━━━━━ INFORMATION PROVIDED ━━━━━
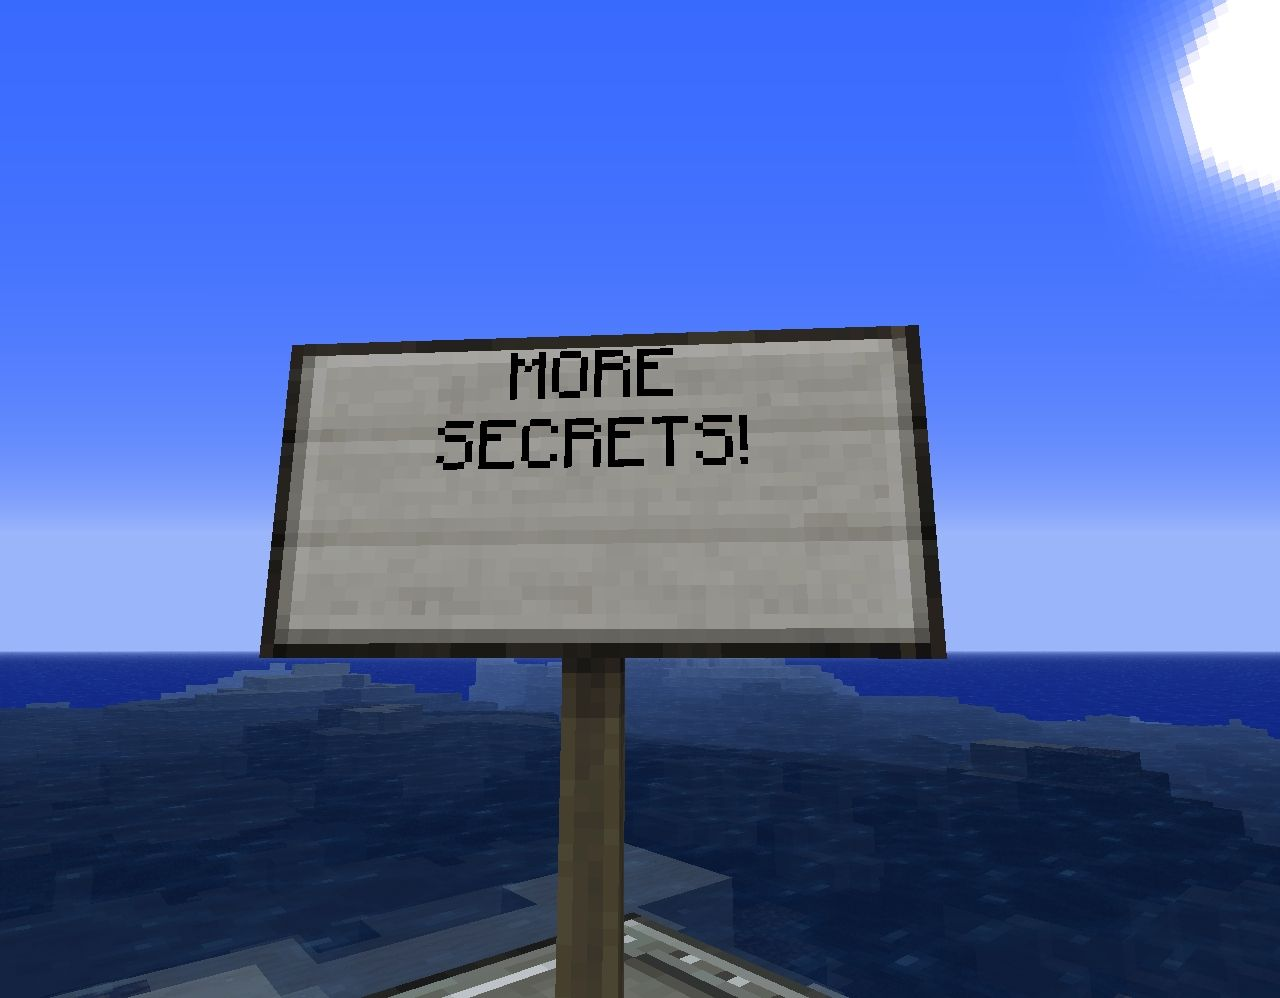 MORE SECRETS
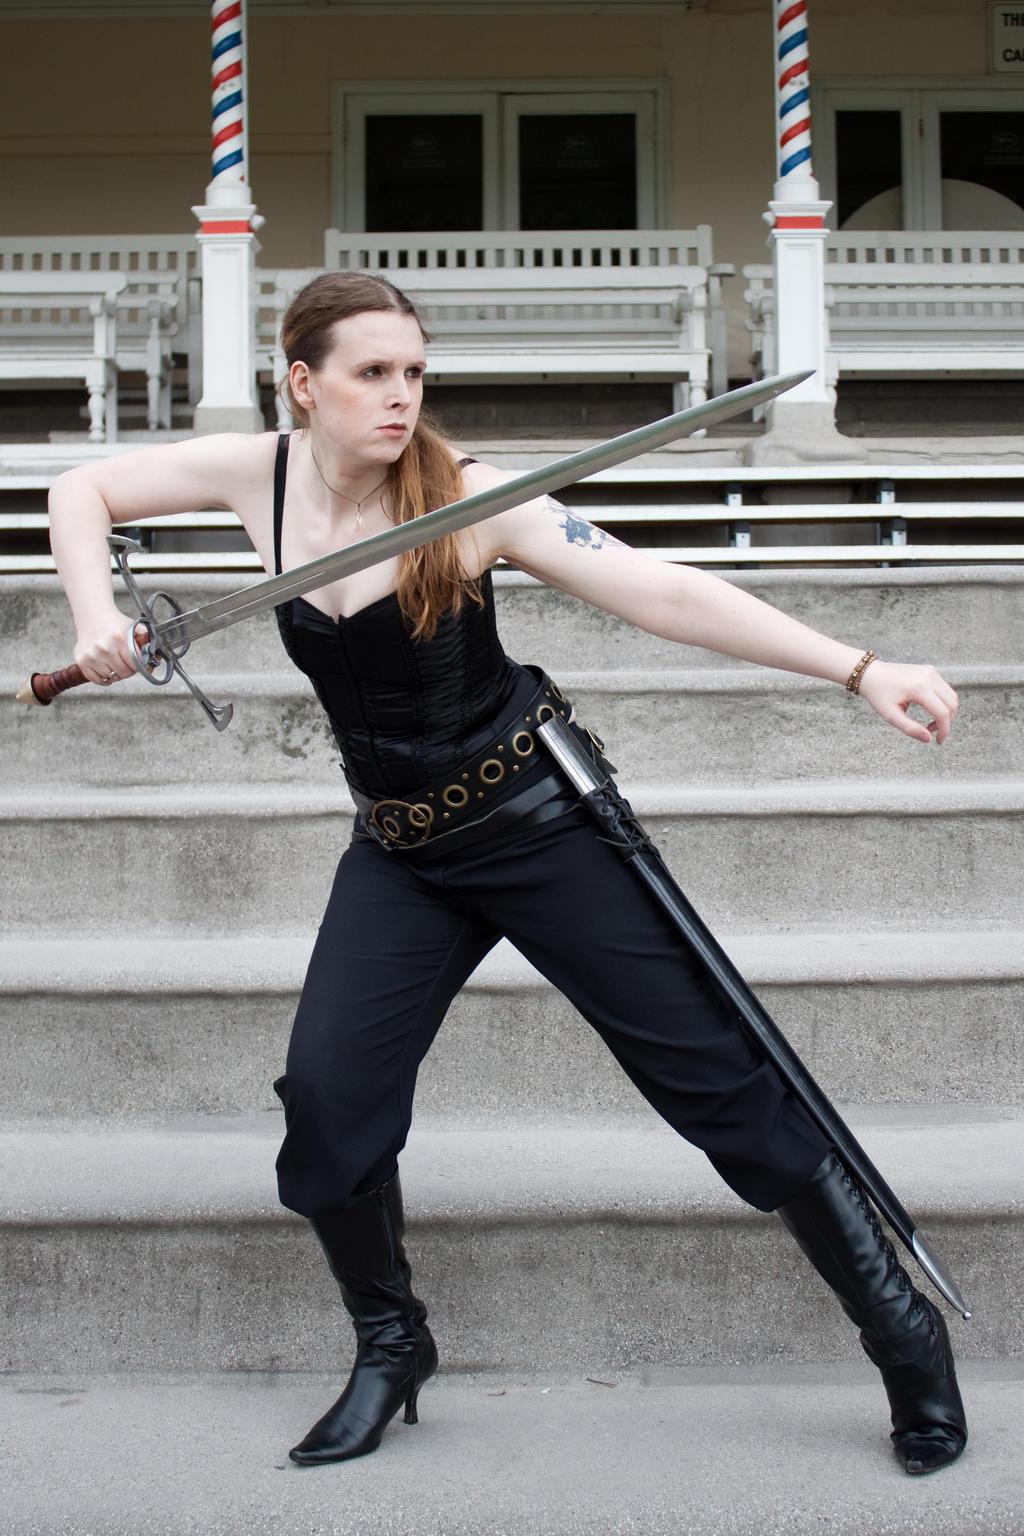 Sword pose stock 13 by Random-Acts-Stock on DeviantArt
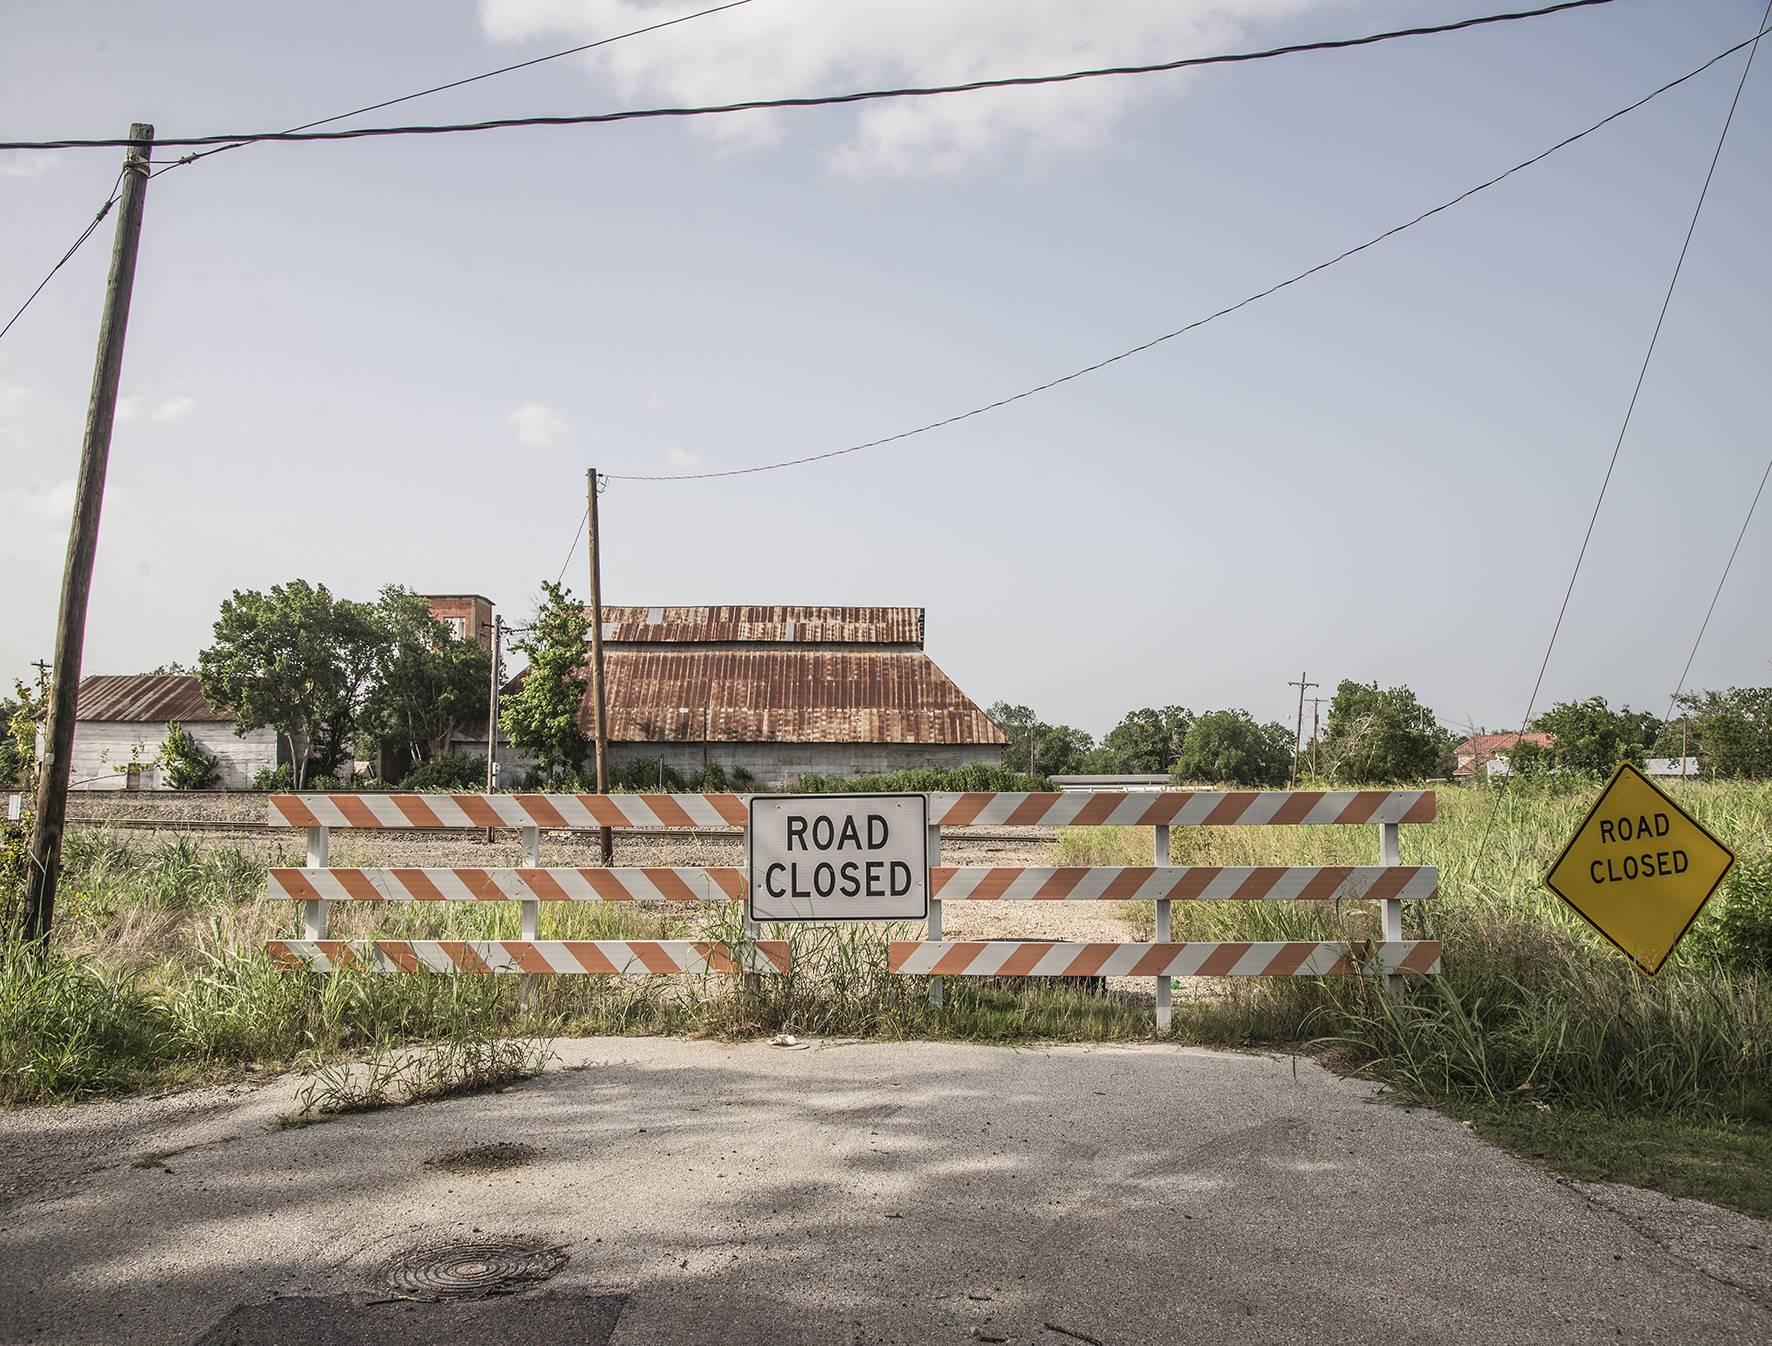 33 Far Fading West, Road Closed, 2016
━━━━━
TRY IT>
Your task is to write out, exactly and without pictures, only the lines from the one holding "Sword pose stock" to the last line of the data.

RESPONSE AREA>
 Sword pose stock 13 by Random-Acts-Stock on DeviantArt
 33 Far Fading West, Road Closed, 2016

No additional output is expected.